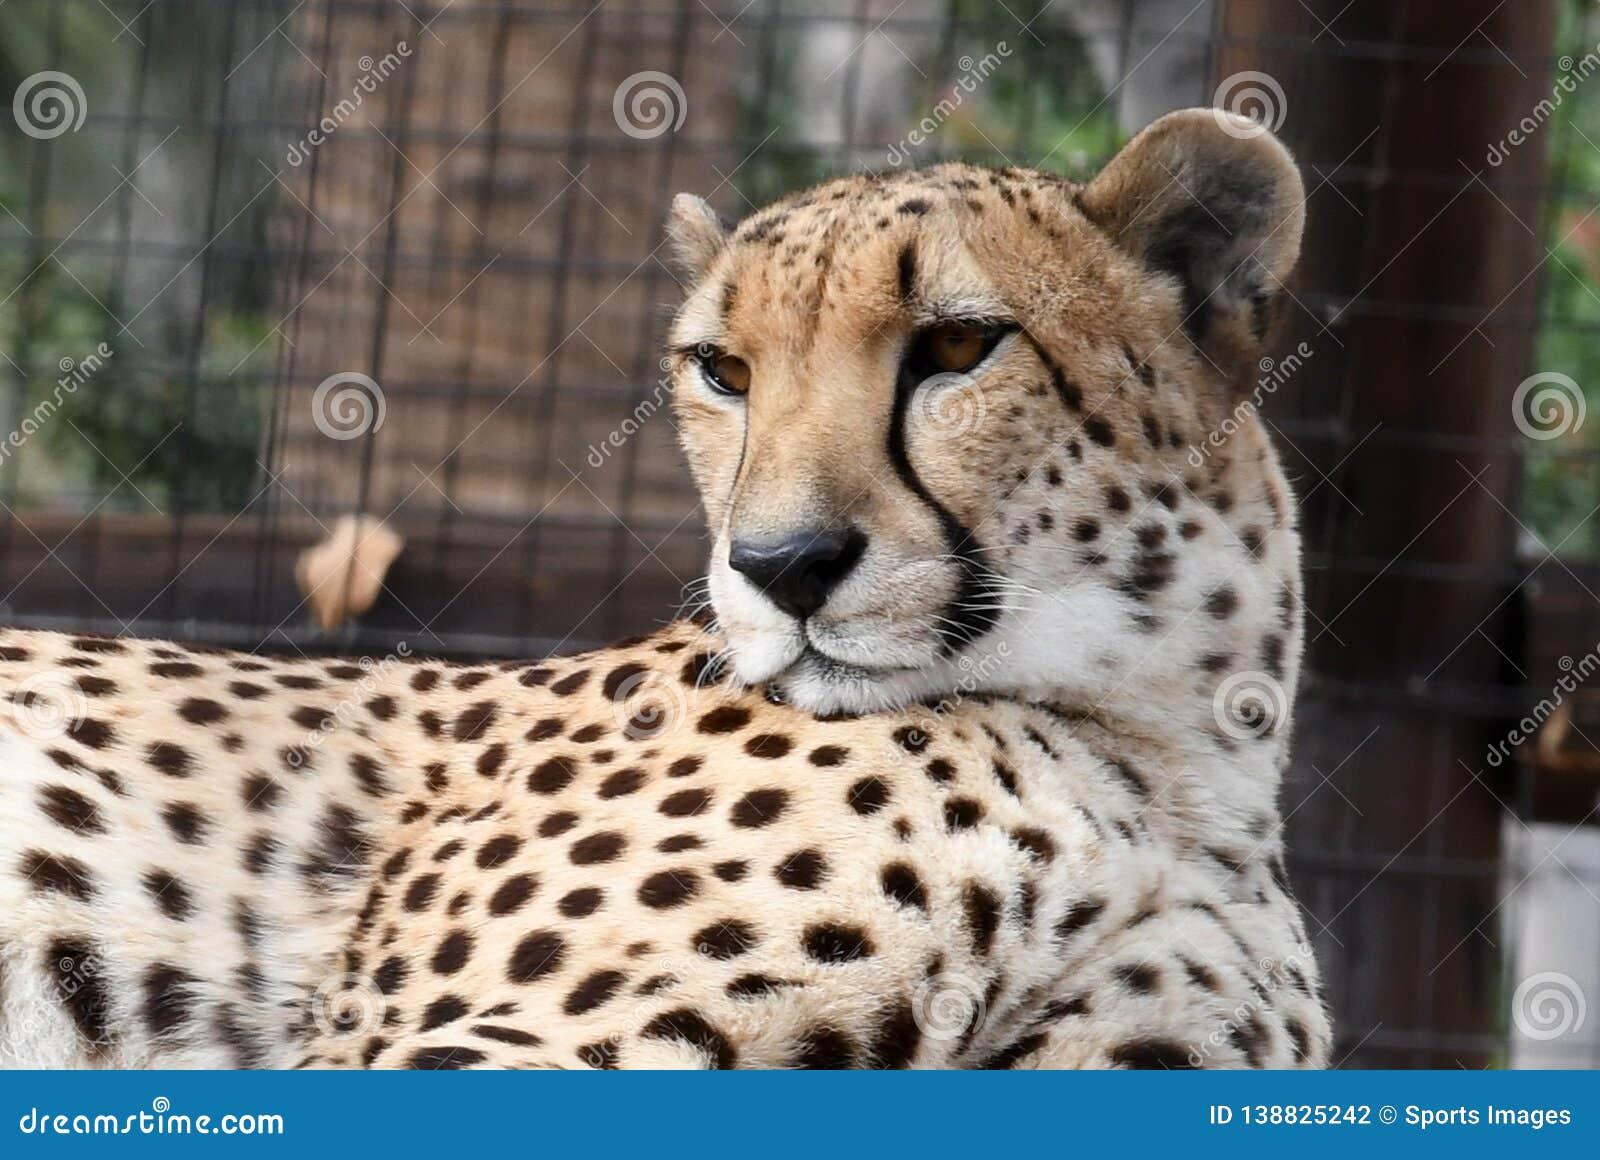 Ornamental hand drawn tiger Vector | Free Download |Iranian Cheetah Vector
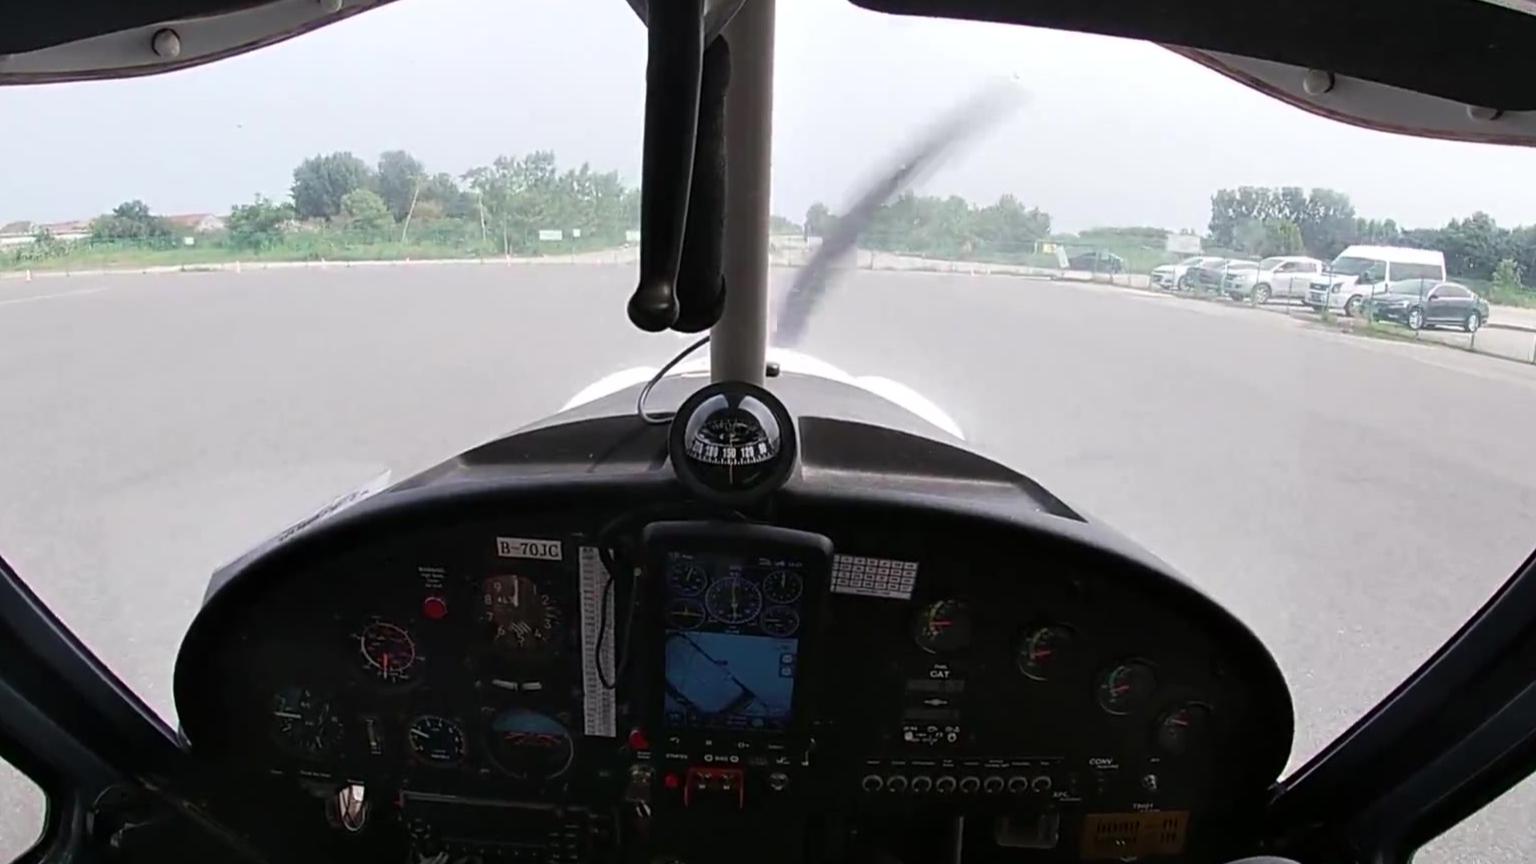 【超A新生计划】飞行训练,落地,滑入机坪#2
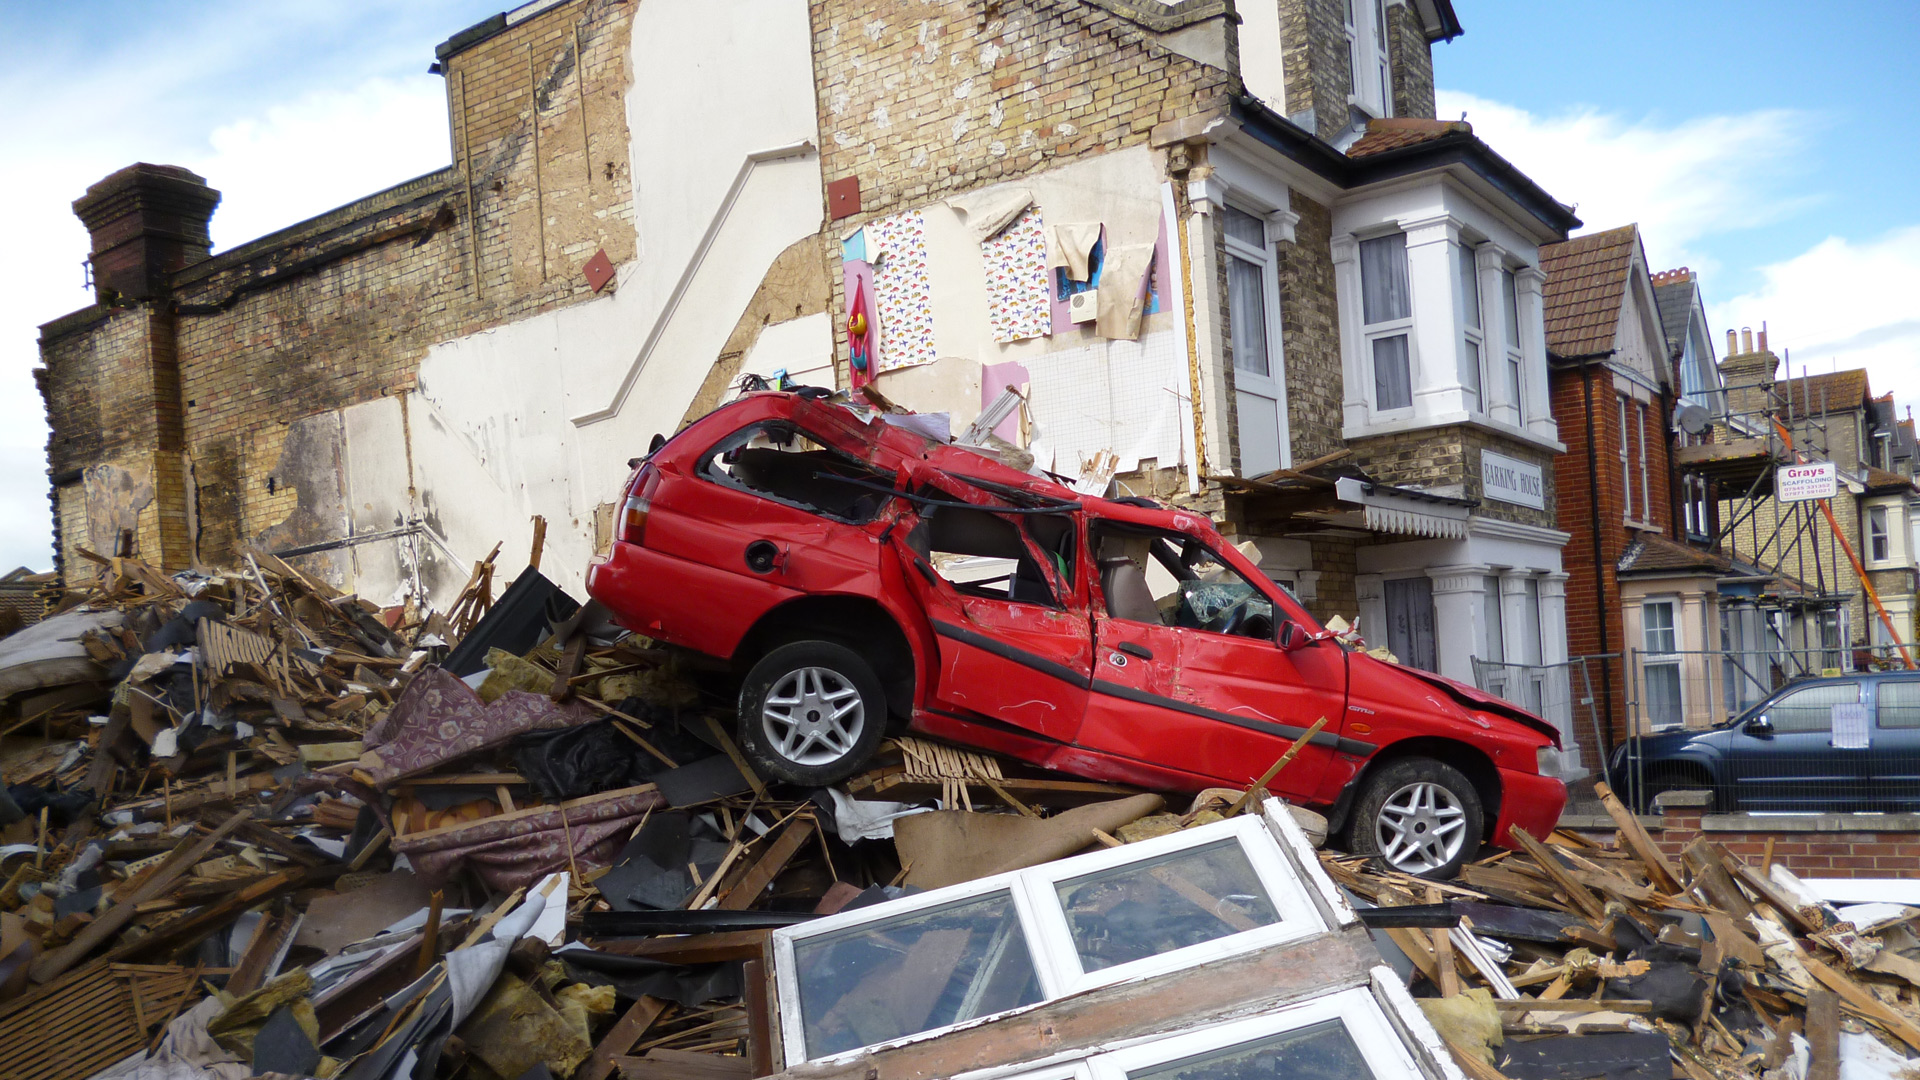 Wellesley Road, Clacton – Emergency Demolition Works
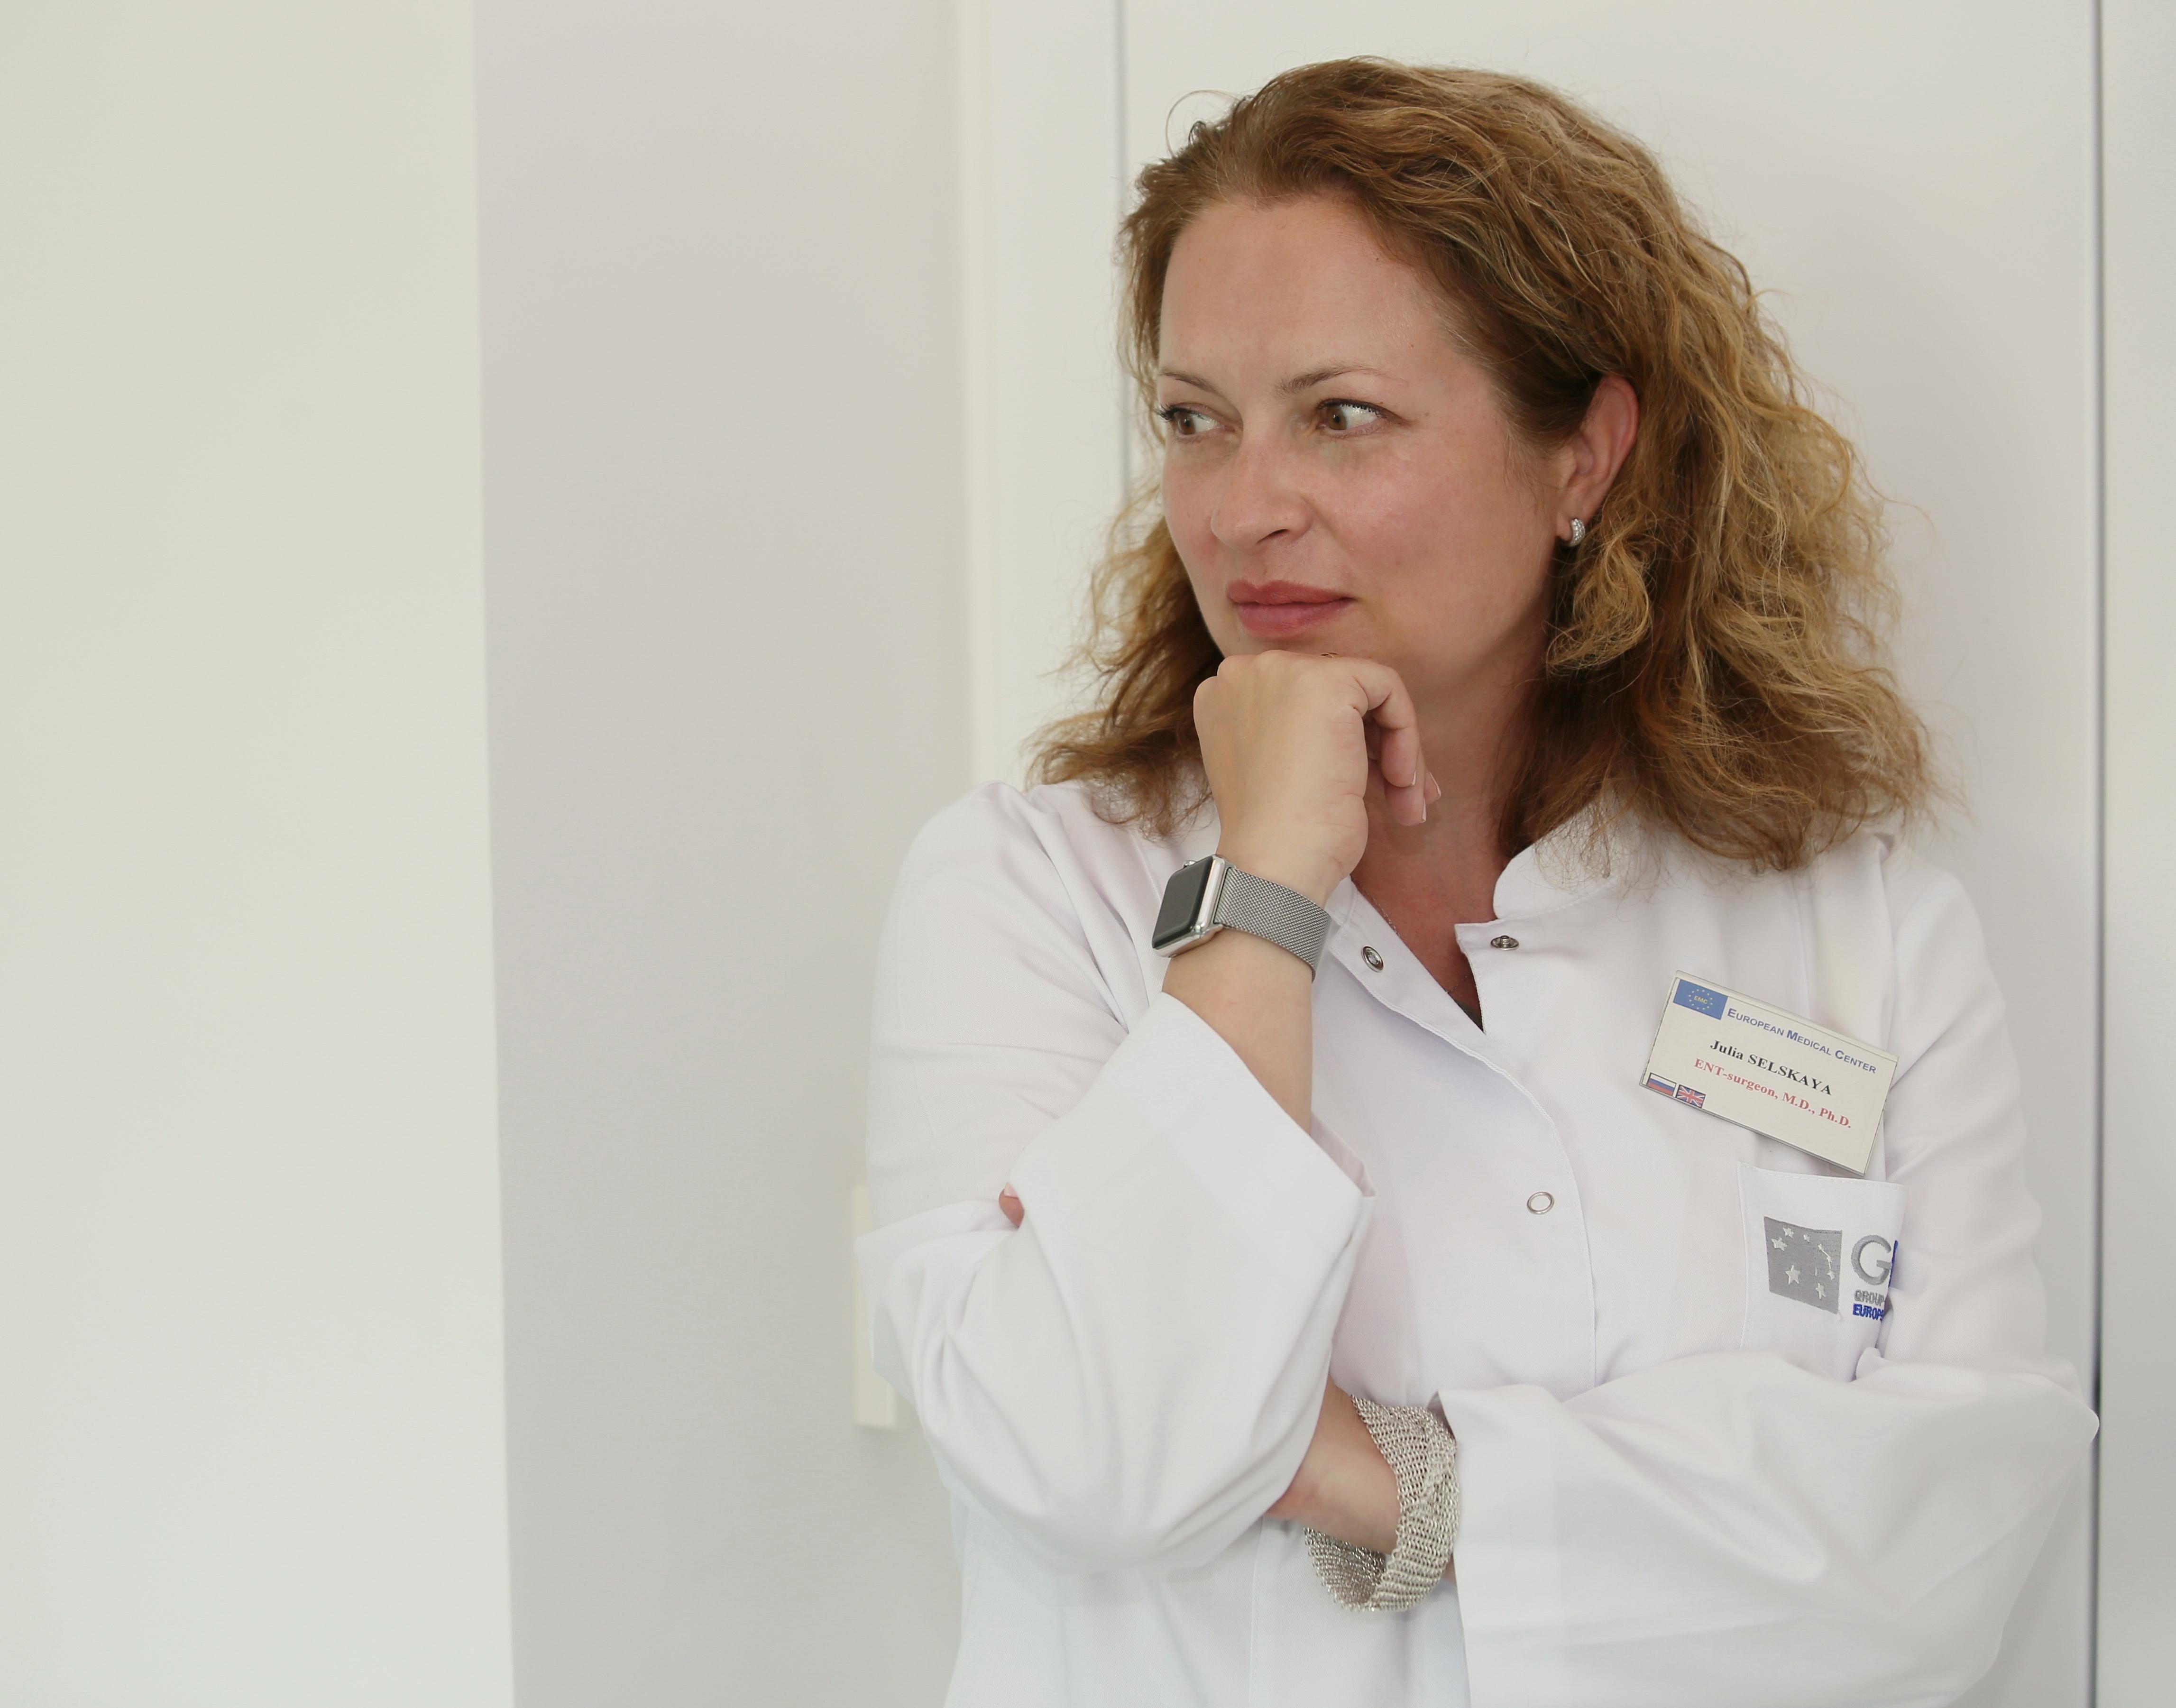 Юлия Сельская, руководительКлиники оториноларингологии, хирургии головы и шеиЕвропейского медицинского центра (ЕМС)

——

[Task instructions]
With the pictures left out, write out all of the data exactly.

[Exercise result]
 Ornamental hand drawn tiger Vector | Free Download |Iranian Cheetah Vector
 【超A新生计划】飞行训练,落地,滑入机坪#2
 Wellesley Road, Clacton – Emergency Demolition Works
 Юлия Сельская, руководительКлиники оториноларингологии, хирургии головы и шеиЕвропейского медицинского центра (ЕМС)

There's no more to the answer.